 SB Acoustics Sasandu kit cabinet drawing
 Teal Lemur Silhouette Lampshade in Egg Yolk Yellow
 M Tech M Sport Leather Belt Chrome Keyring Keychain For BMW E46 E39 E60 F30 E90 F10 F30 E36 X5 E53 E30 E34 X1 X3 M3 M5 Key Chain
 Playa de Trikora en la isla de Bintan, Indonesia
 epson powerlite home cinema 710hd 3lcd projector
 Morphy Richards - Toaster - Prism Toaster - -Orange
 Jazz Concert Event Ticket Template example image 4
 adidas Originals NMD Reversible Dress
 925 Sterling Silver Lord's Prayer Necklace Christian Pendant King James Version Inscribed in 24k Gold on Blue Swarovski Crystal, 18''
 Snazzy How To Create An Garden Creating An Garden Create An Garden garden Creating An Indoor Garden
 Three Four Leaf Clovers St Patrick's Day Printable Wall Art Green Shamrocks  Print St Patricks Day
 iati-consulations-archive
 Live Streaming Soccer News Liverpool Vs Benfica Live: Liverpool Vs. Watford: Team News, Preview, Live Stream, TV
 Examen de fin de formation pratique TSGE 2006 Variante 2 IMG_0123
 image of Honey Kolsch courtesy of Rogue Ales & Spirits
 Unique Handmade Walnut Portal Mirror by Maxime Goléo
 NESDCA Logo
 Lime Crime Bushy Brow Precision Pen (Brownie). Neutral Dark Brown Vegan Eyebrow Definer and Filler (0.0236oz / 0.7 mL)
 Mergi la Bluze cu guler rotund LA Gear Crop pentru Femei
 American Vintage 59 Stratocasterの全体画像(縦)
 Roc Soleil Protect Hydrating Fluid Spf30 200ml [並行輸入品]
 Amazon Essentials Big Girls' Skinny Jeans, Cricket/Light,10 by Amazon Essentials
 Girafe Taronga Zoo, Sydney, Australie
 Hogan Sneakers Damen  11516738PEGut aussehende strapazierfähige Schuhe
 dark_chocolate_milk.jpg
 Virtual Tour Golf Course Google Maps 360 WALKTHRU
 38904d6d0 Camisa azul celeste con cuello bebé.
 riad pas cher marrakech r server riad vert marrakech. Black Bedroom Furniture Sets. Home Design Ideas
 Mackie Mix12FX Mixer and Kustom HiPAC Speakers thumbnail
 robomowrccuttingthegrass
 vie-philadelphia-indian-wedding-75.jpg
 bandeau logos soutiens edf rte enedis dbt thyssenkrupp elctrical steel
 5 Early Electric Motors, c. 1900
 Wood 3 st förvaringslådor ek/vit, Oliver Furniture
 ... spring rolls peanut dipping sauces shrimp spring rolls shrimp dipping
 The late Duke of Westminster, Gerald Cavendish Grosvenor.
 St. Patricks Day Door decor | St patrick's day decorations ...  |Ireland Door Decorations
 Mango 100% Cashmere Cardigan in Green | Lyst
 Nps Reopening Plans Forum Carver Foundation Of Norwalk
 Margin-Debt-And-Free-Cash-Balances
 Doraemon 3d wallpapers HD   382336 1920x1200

________________________

# Your instructions
Take each record above and return it verbatim.

# Result for this exercise
 SB Acoustics Sasandu kit cabinet drawing
 Teal Lemur Silhouette Lampshade in Egg Yolk Yellow
 M Tech M Sport Leather Belt Chrome Keyring Keychain For BMW E46 E39 E60 F30 E90 F10 F30 E36 X5 E53 E30 E34 X1 X3 M3 M5 Key Chain
 Playa de Trikora en la isla de Bintan, Indonesia
 epson powerlite home cinema 710hd 3lcd projector
 Morphy Richards - Toaster - Prism Toaster - -Orange
 Jazz Concert Event Ticket Template example image 4
 adidas Originals NMD Reversible Dress
 925 Sterling Silver Lord's Prayer Necklace Christian Pendant King James Version Inscribed in 24k Gold on Blue Swarovski Crystal, 18''
 Snazzy How To Create An Garden Creating An Garden Create An Garden garden Creating An Indoor Garden
 Three Four Leaf Clovers St Patrick's Day Printable Wall Art Green Shamrocks  Print St Patricks Day
 iati-consulations-archive
 Live Streaming Soccer News Liverpool Vs Benfica Live: Liverpool Vs. Watford: Team News, Preview, Live Stream, TV
 Examen de fin de formation pratique TSGE 2006 Variante 2 IMG_0123
 image of Honey Kolsch courtesy of Rogue Ales & Spirits
 Unique Handmade Walnut Portal Mirror by Maxime Goléo
 NESDCA Logo
 Lime Crime Bushy Brow Precision Pen (Brownie). Neutral Dark Brown Vegan Eyebrow Definer and Filler (0.0236oz / 0.7 mL)
 Mergi la Bluze cu guler rotund LA Gear Crop pentru Femei
 American Vintage 59 Stratocasterの全体画像(縦)
 Roc Soleil Protect Hydrating Fluid Spf30 200ml [並行輸入品]
 Amazon Essentials Big Girls' Skinny Jeans, Cricket/Light,10 by Amazon Essentials
 Girafe Taronga Zoo, Sydney, Australie
 Hogan Sneakers Damen  11516738PEGut aussehende strapazierfähige Schuhe
 dark_chocolate_milk.jpg
 Virtual Tour Golf Course Google Maps 360 WALKTHRU
 38904d6d0 Camisa azul celeste con cuello bebé.
 riad pas cher marrakech r server riad vert marrakech. Black Bedroom Furniture Sets. Home Design Ideas
 Mackie Mix12FX Mixer and Kustom HiPAC Speakers thumbnail
 robomowrccuttingthegrass
 vie-philadelphia-indian-wedding-75.jpg
 bandeau logos soutiens edf rte enedis dbt thyssenkrupp elctrical steel
 5 Early Electric Motors, c. 1900
 Wood 3 st förvaringslådor ek/vit, Oliver Furniture
 ... spring rolls peanut dipping sauces shrimp spring rolls shrimp dipping
 The late Duke of Westminster, Gerald Cavendish Grosvenor.
 St. Patricks Day Door decor | St patrick's day decorations ...  |Ireland Door Decorations
 Mango 100% Cashmere Cardigan in Green | Lyst
 Nps Reopening Plans Forum Carver Foundation Of Norwalk
 Margin-Debt-And-Free-Cash-Balances
 Doraemon 3d wallpapers HD   382336 1920x1200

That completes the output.